2002-10-04 Thread Curtis Faith

It appears the fsync problem is pervasive. Here's Linux 2.4.19's
version from fs/buffer.c:

lock-  down(inode-i_sem);
ret = filemap_fdatasync(inode-i_mapping);
err = file-f_op-fsync(file, dentry, 1);
if (err  !ret)
ret = err;
err = filemap_fdatawait(inode-i_mapping);
if (err  !ret)
ret = err;
unlock-up(inode-i_sem);

But this is probably not a big factor as you outline below because
the WALWriteLock is causing the same kind of contention.

tom lane wrote:
 This is kind of ugly in general terms but I'm not sure that it really
 hurts Postgres.  In our present scheme, the only files we ever fsync()
 are WAL log files, not data files.  And in normal operation there is
 only one WAL writer at a time, and *no* WAL readers.  So an exclusive
 kernel-level lock on a WAL file while we fsync really shouldn't create
 any problem for us.  (Unless this indirectly blocks other operations
 that I'm missing?)

I hope you're right but I see some very similar contention problems in
the case of many small transactions because of the WALWriteLock.

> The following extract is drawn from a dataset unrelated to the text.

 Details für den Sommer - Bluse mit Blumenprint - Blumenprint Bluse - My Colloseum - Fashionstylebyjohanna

Assume Transaction A which writes a lot of buffers and XLog entries,
so the Commit forces a relatively lengthy fsynch.

Transactions B - E block not on the kernel lock from fsync but on
the WALWriteLock. 

When A finishes the fsync and subsequently releases the WALWriteLock
B unblocks and gets the WALWriteLock for its fsync for the flush.

C blocks on the WALWriteLock waiting to write its XLOG_XACT_COMMIT.

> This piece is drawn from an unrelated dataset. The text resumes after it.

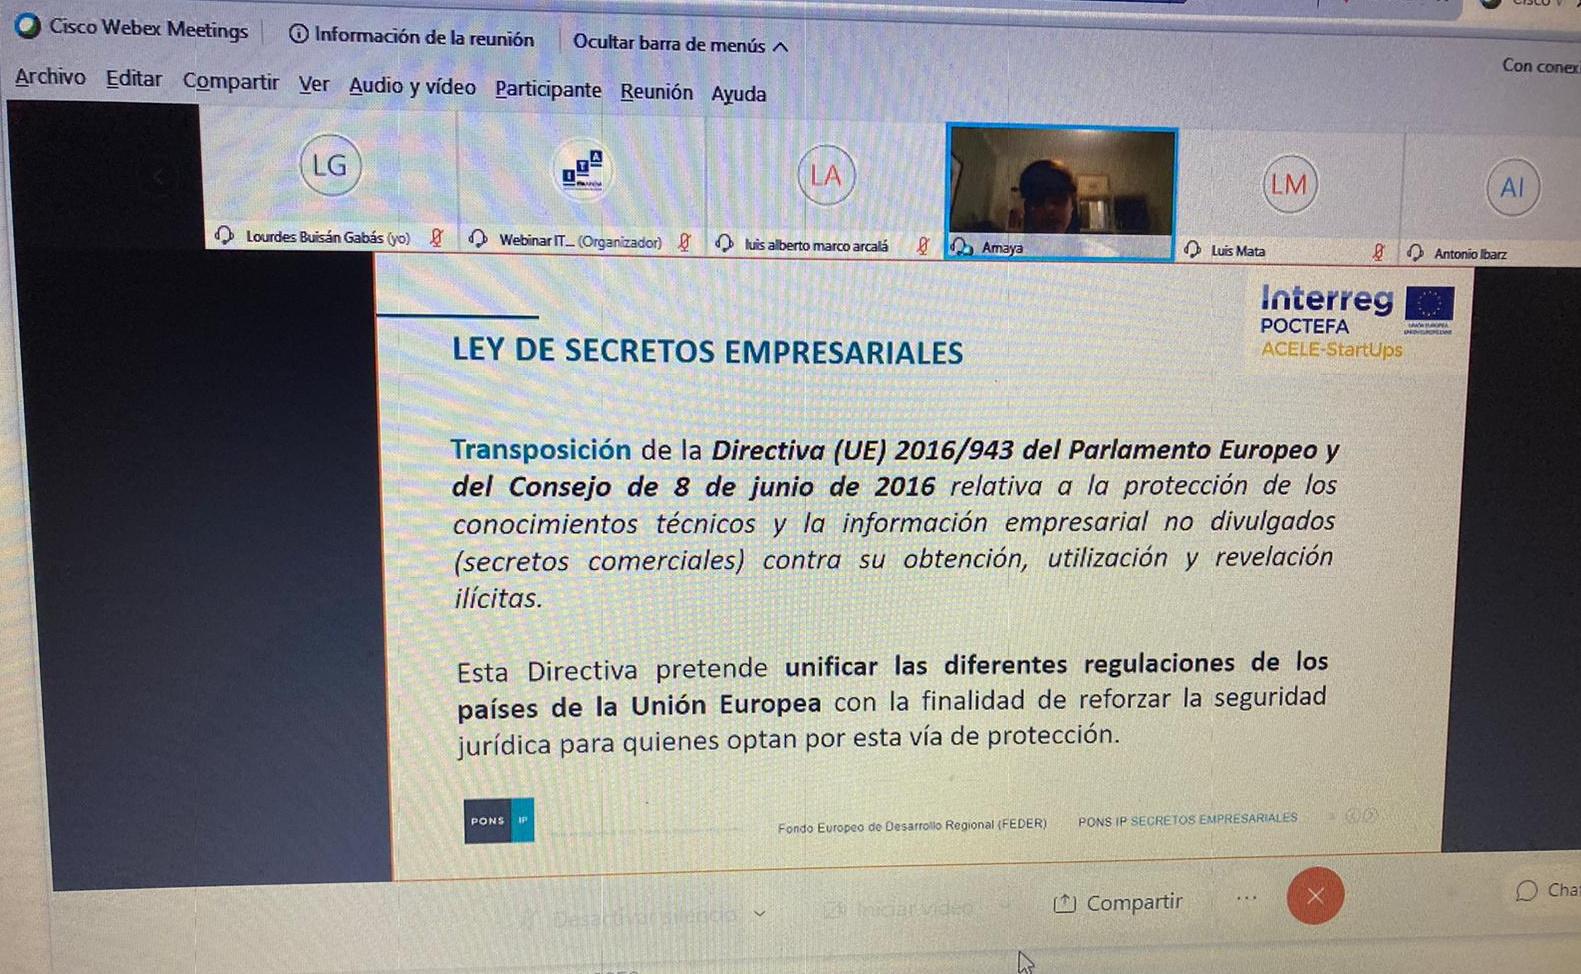 ITAINNOVA organiza un seminario para dar a conocer a las empresas cómo proteger los secretos empresariales

B Releases and now C writes its XLOG_XACT_COMMIT.

There now seems to be a lot of contention on the WALWriteLock. This
is a shame for a system that has no locking at the logical level and
therefore seems like it could be very, very fast and offer
incredible concurrency.

 As I commented before, I think we could do with an extra process to
 issue WAL writes in places where they're not in the critical path for
 a foreground process.  But that seems to be orthogonal from this issue.
 
It's only orthogonal to the fsync-specific contention issue. We now
have to worry about WALWriteLock semantics causes the same contention.
Your idea of a separate LogWriter process could very nicely solve this
problem and accomplish a few other things at the same time if we make
a few enhancements.

Back-end servers would not issue fsync calls. They would simply block
waiting until the LogWriter had written their record to the disk, i.e.
until the sync'd block # was greater than the block that contained the
XLOG_XACT_COMMIT record. The LogWriter could wake up committed back-
ends after its log write returns.

The log file would be opened O_DSYNC, O_APPEND every time. The LogWriter
would issue writes of the optimal size when enough data was present or
of smaller chunks if enough time had elapsed since the last write.

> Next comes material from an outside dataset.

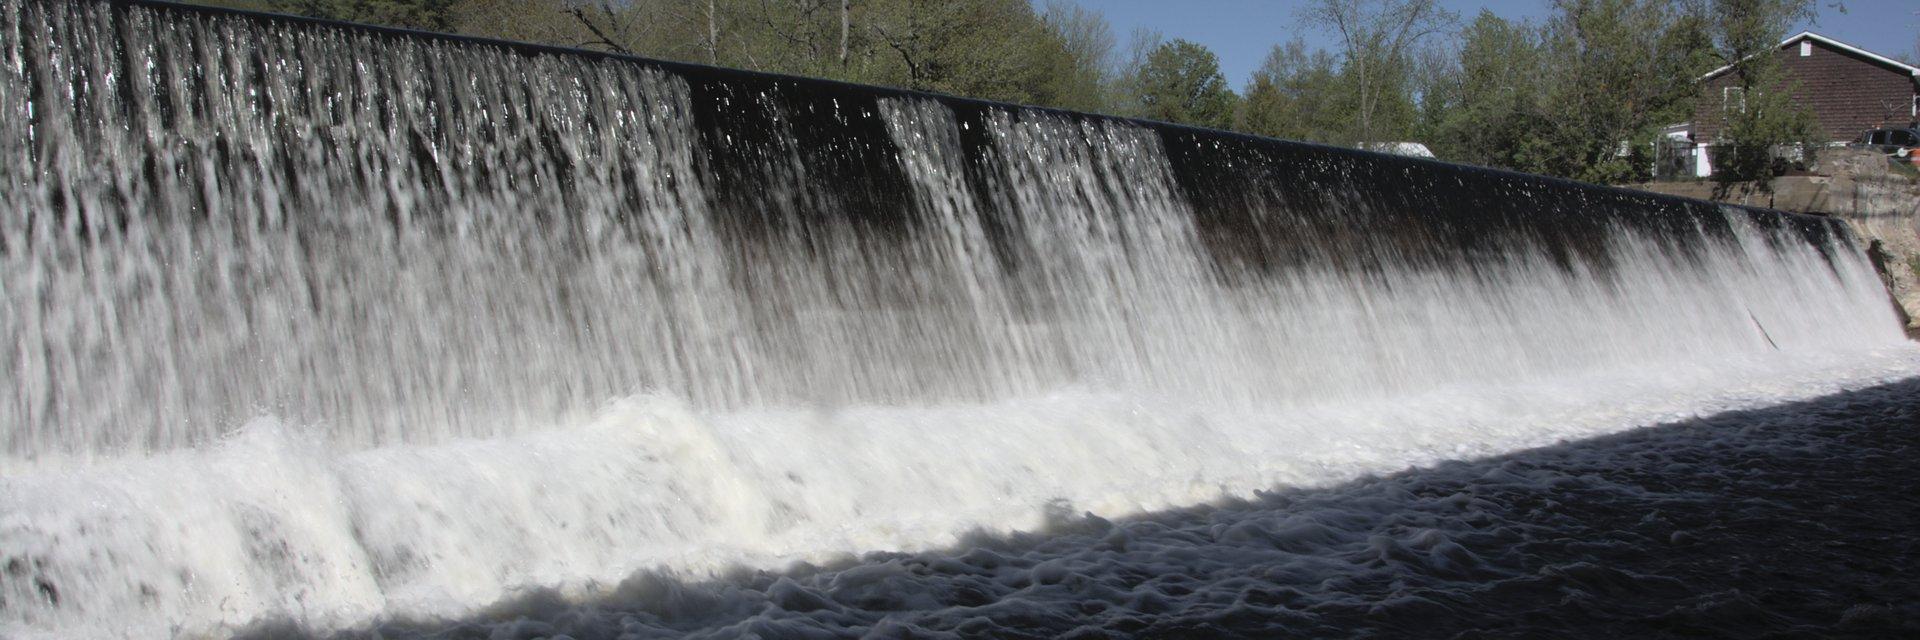 Billings Dam

The nice part is that the WALWriteLock semantics could be changed to
allow the LogWriter to write to disk while WALWriteLocks are acquired
by back-end servers. WALWriteLocks would only be held for the brief time
needed to copy the entries into the log buffer. The LogWriter would
only need to grab a lock to determine the current end of the log
buffer. Since it would be writing blocks that occur earlier in the
cache than the XLogInsert log writers it won't need to grab a
WALWriteLock before writing the cache buffers.

Many transactions would commit on the same fsync (now really a write
with O_DSYNC) and we would get optimal write throughput for the log
system.

This would handle all the issues I had and it doesn't sound like a
huge change. In fact, it ends up being almost semantically identical 
to the aio_write suggestion I made orignally, except the
LogWriter is doing the background writing instead of the OS and we
don't have to worry about aio implementations and portability.